Just a few months after its first Director took office in January of 2012, the Consumer Financial Protection Bureau is embarking on a study of arbitration. The CFPB announced on April 24 that it invites the public to send information about “how consumers and financial services companies are affected by arbitration and arbitration clauses,” so that it can eventually determine whether to flex its rule-making muscle.
This request for information does not signal any particular bias of the new Director, Richard Cordray. Instead, it shows the new agency is fulfilling its mandate under the Dodd-Frank Act to study the use of pre-dispute arbitration agreements in the consumer financial arena.

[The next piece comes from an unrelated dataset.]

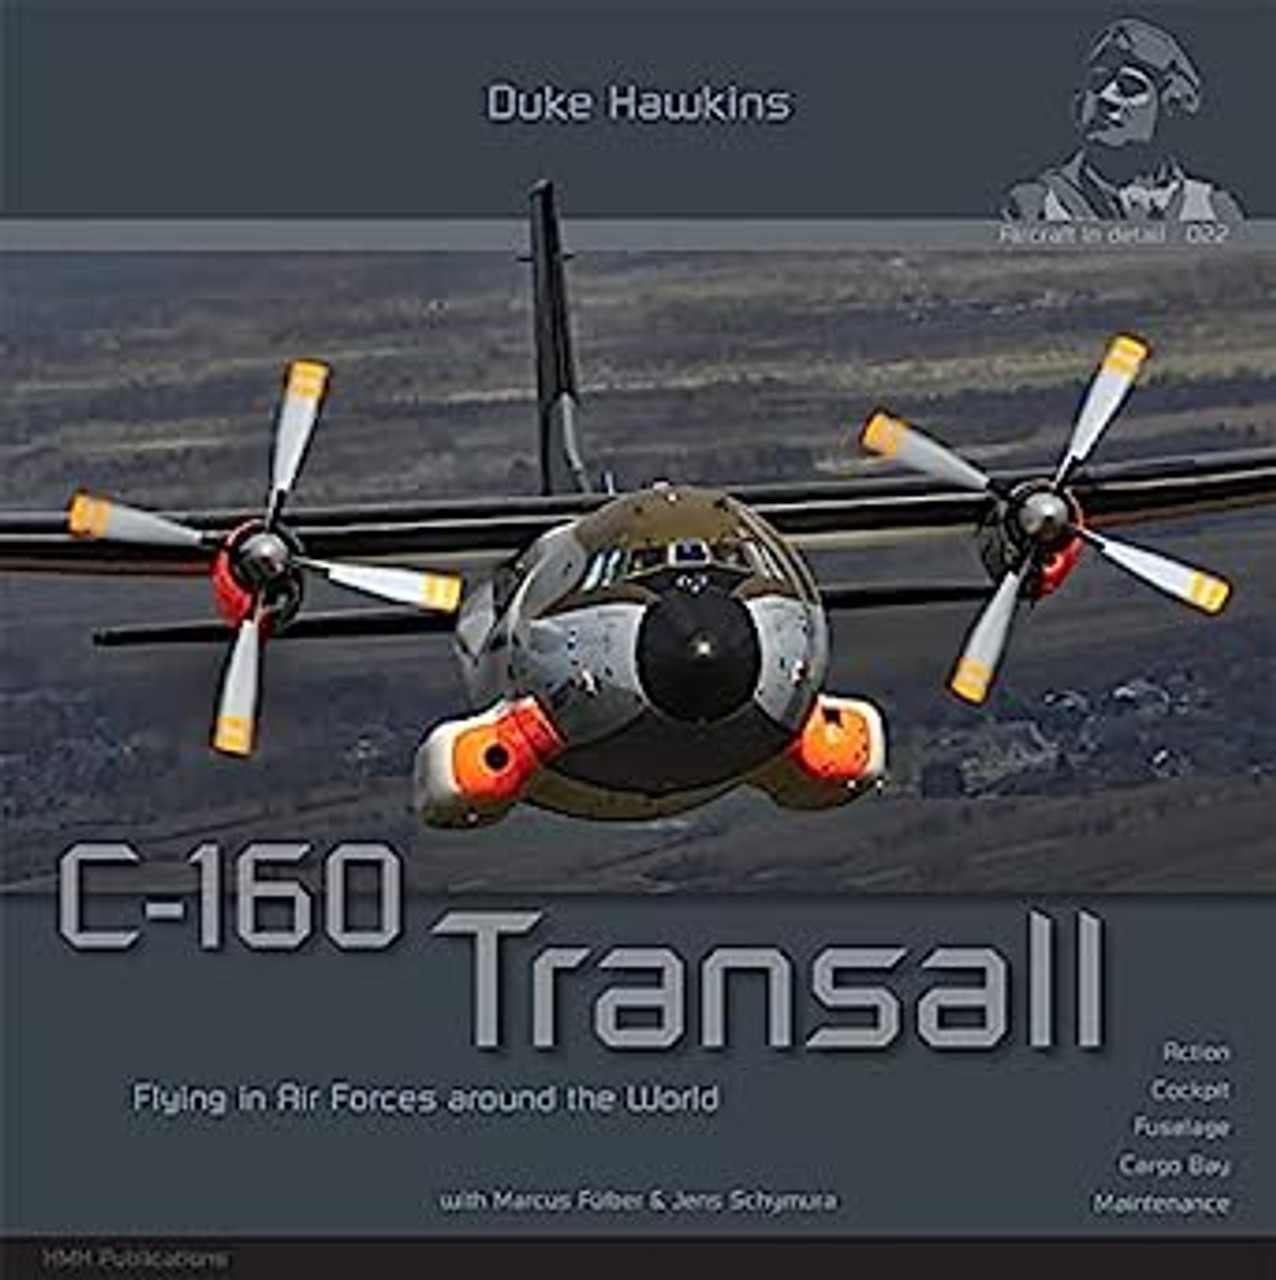 Aircraft in Detail 022: C-160 Transall
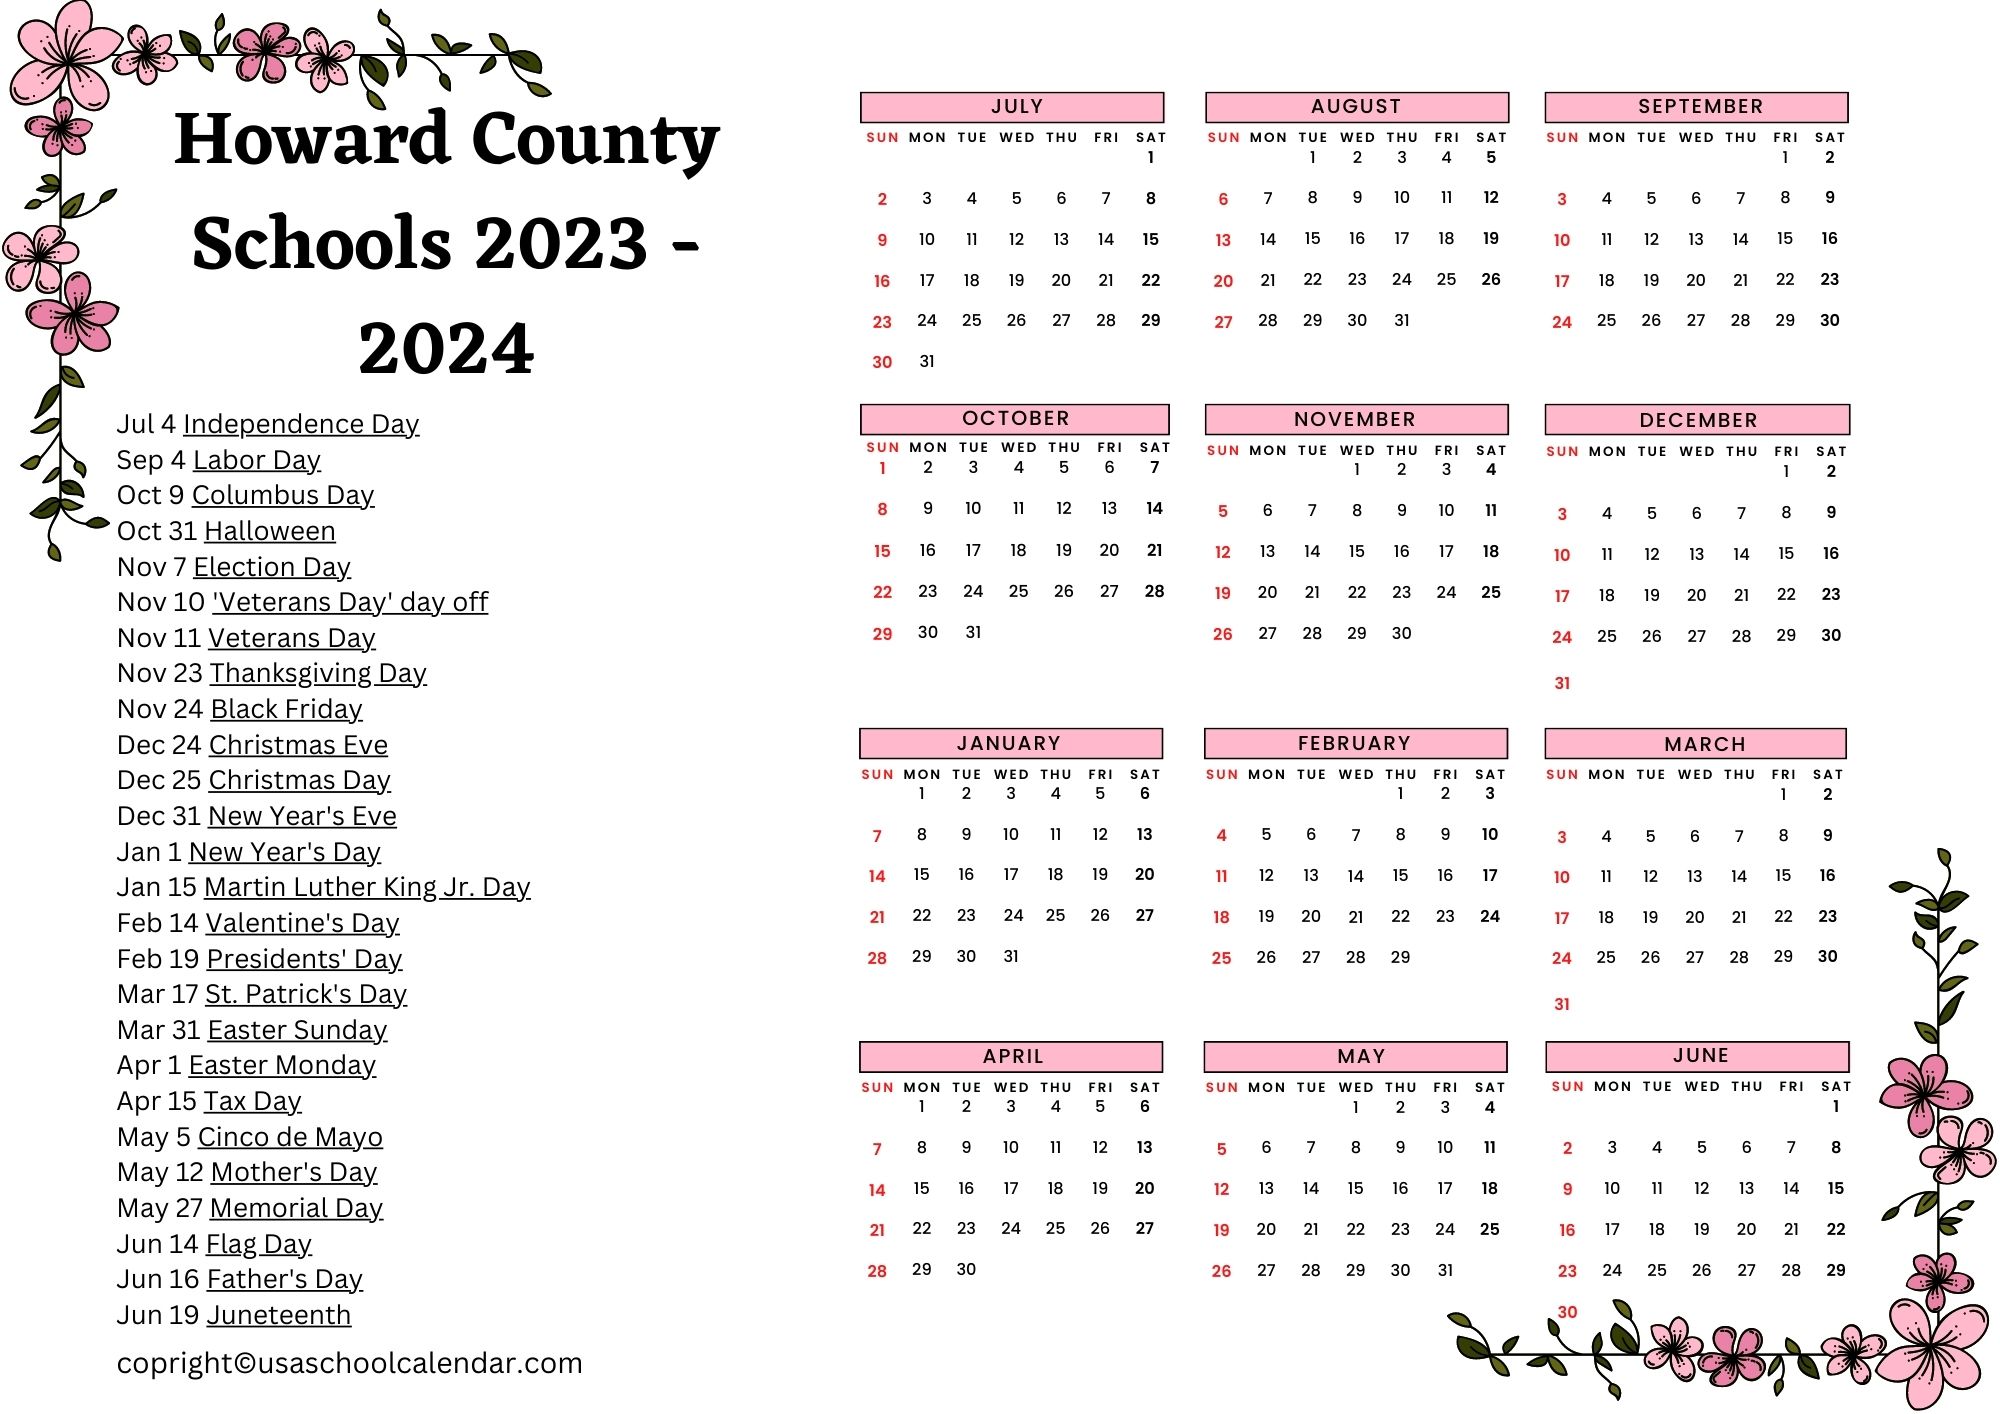 howard-county-schools-calendar-holidays-2023-2024

The agency, however, is starting its study with the speed of a tortoise and in the style of a professor wearing tortoise shell glasses. Instead of diving right in, the CFPB is holding off its real study while it decides how to choose the questions. For example, it is seeking information about 1) how to assess how prevalent pre-dispute arbitration agreements are in consumer financial agreements; 2) what data it should seek from what sources; and 3) whether it should find out whether consumers who arbitrated disputes against financial services companies were satisfied with the process. (Let me publicly answer that last question: Yes! Of course! Please ask both consumers and companies whether they were satisfied with the process.)
While I am excited about the prospect of this new agency investigating and publicizing important data about consumer arbitrations that is currently inaccessible, the CFPB’s current list of questions makes me wonder whether it is up to the task.